Slide 1: What is the most concerning EKG finding? 80M with h/o CAD on the general medicine service reports a burning epigastric sensation after eating.
Slide 2: There’s a left bundle branch block (LBBB)! Down in V1, wide QRS, up in lateral leads. The patient is given antacid…
Slide 3: You repeat the ECG…a chart review reveals a baseline ECG that looks identical to this second ECG. What is going on?
Slide 4: It’s a rate dependent LBBB. What causes a rate dependent block? When the refractory period of bundle cells is longer than the R-R interval. Reminder the R-R interval decreases at HR increases.

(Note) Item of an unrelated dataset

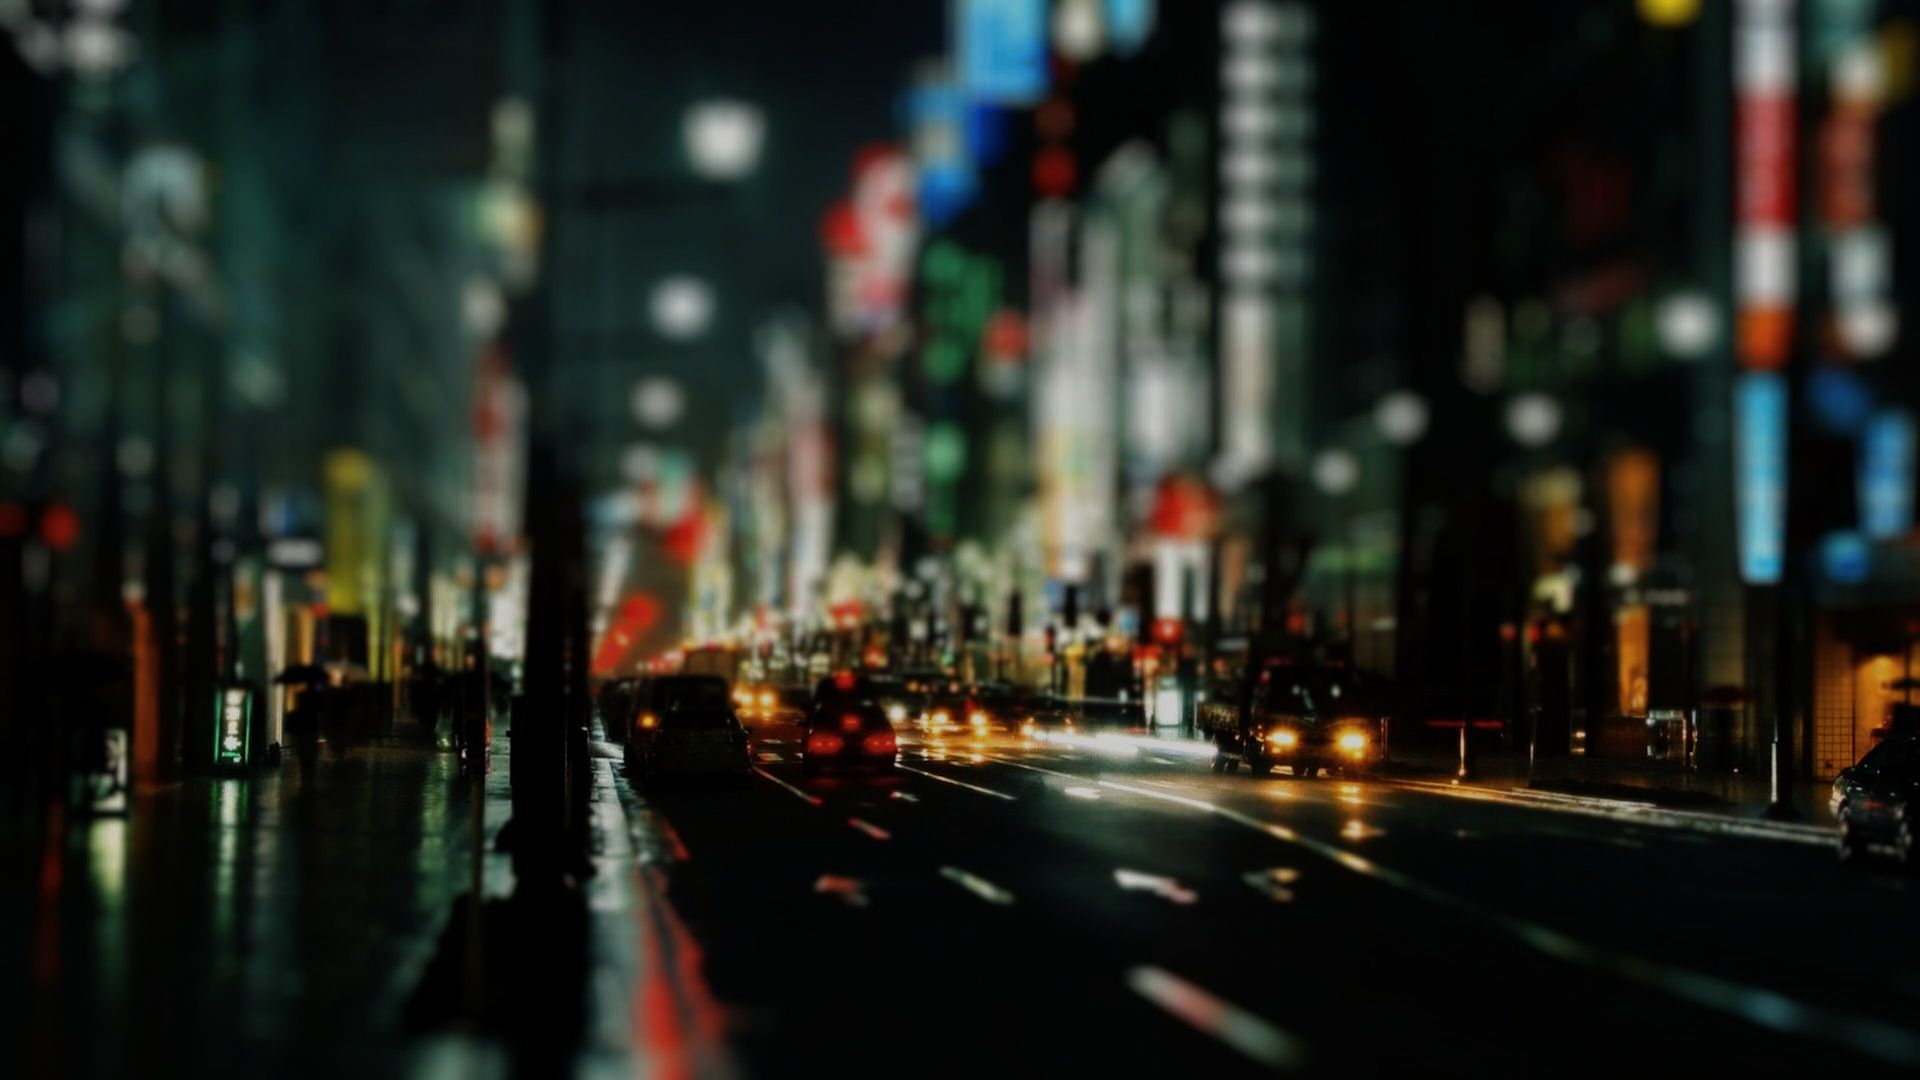 City Hazy Blurred Unsharp Night Rain 1920x1080 Jpeg 1 920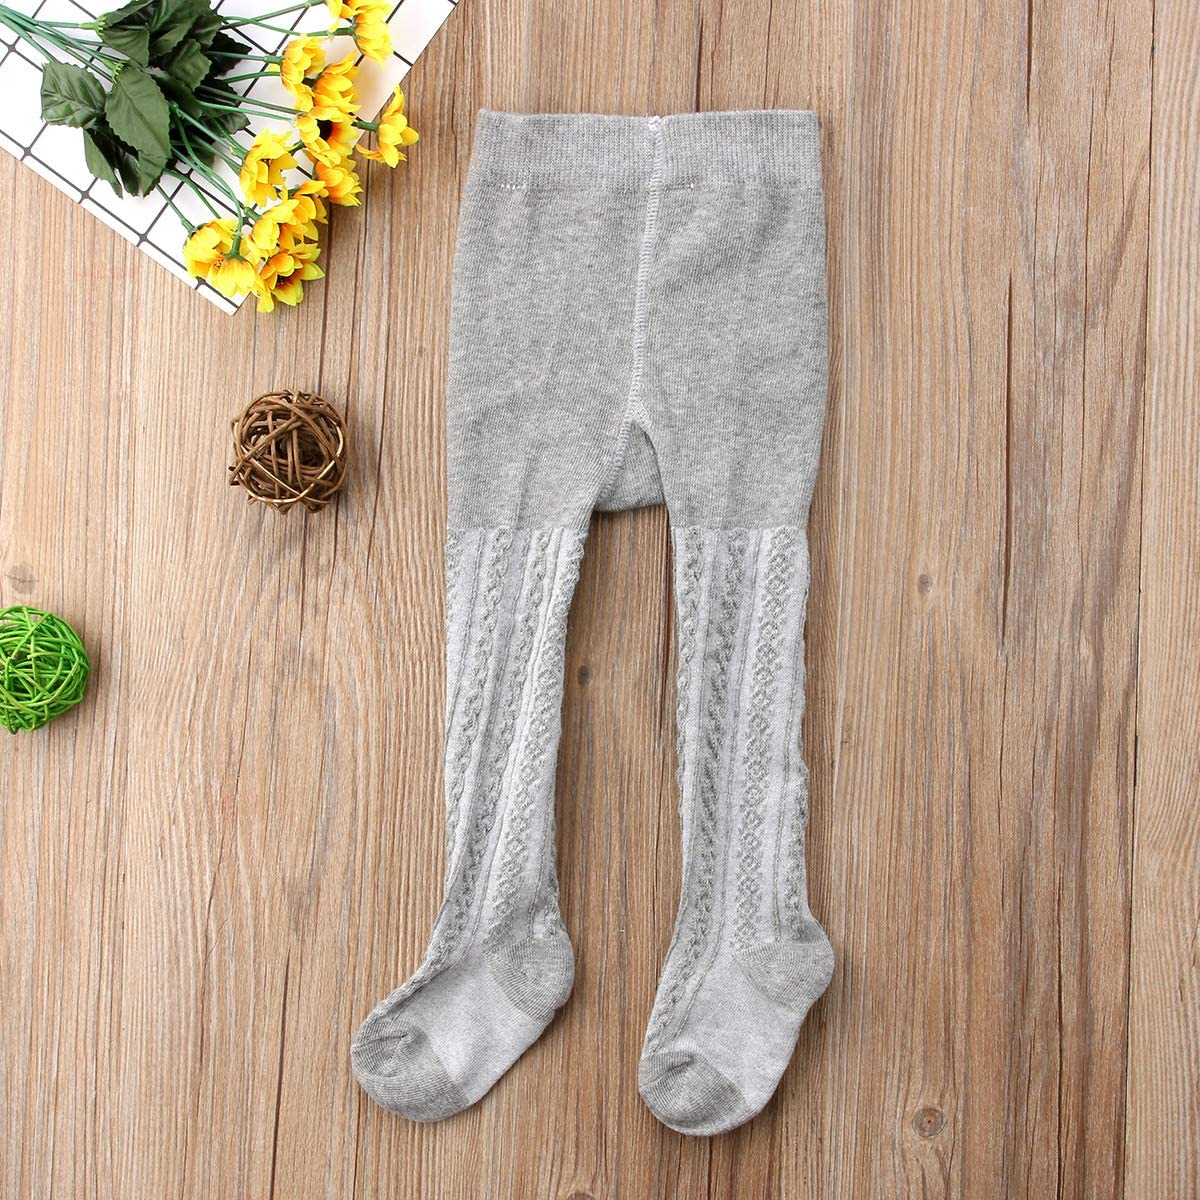 WANGSAURA Baby-M/ädchen Strumpfhose 3 Paar Set Cable Warme Leggings Kinderstrumpfhose

At normal heart rates, rate dependent blocks may suggest degenerative conduction disease most commonly due to chronic hypertension. Graphic showing excitable and refractory periods.
Slide 5: Transition point, approximately 80 bpm. HR greater than 80, abnormal QRS, R-R interval less than LBB refractory period. HR less than 80, normal QRS, R-R interval greater than LBB refractor period.
1st EXG tracing, HR = 90 bpm. Wide QRS. 2nd ECG tracing, HR = 72 bpm. Narrow QRS.
Slide 6: Takeaways. Aberrant ventricular conduction (such as LBBB) is not always permanent…it may depend on the HR!
Always consider prior EKG history and clinical context.
Rate-dependent blocks in a non-tachycardic patient should raise suspicion for early conduction disease.
Add it to you ddx for wide QRS: RBBB, LBBB, intraventricular conduction delay, rate-dependent block, ventricular rhythm (VT, VF, AIVR), paced rhythm, pre-excitation (WPW), electrolyte disturbances, antiarrhythmic agents.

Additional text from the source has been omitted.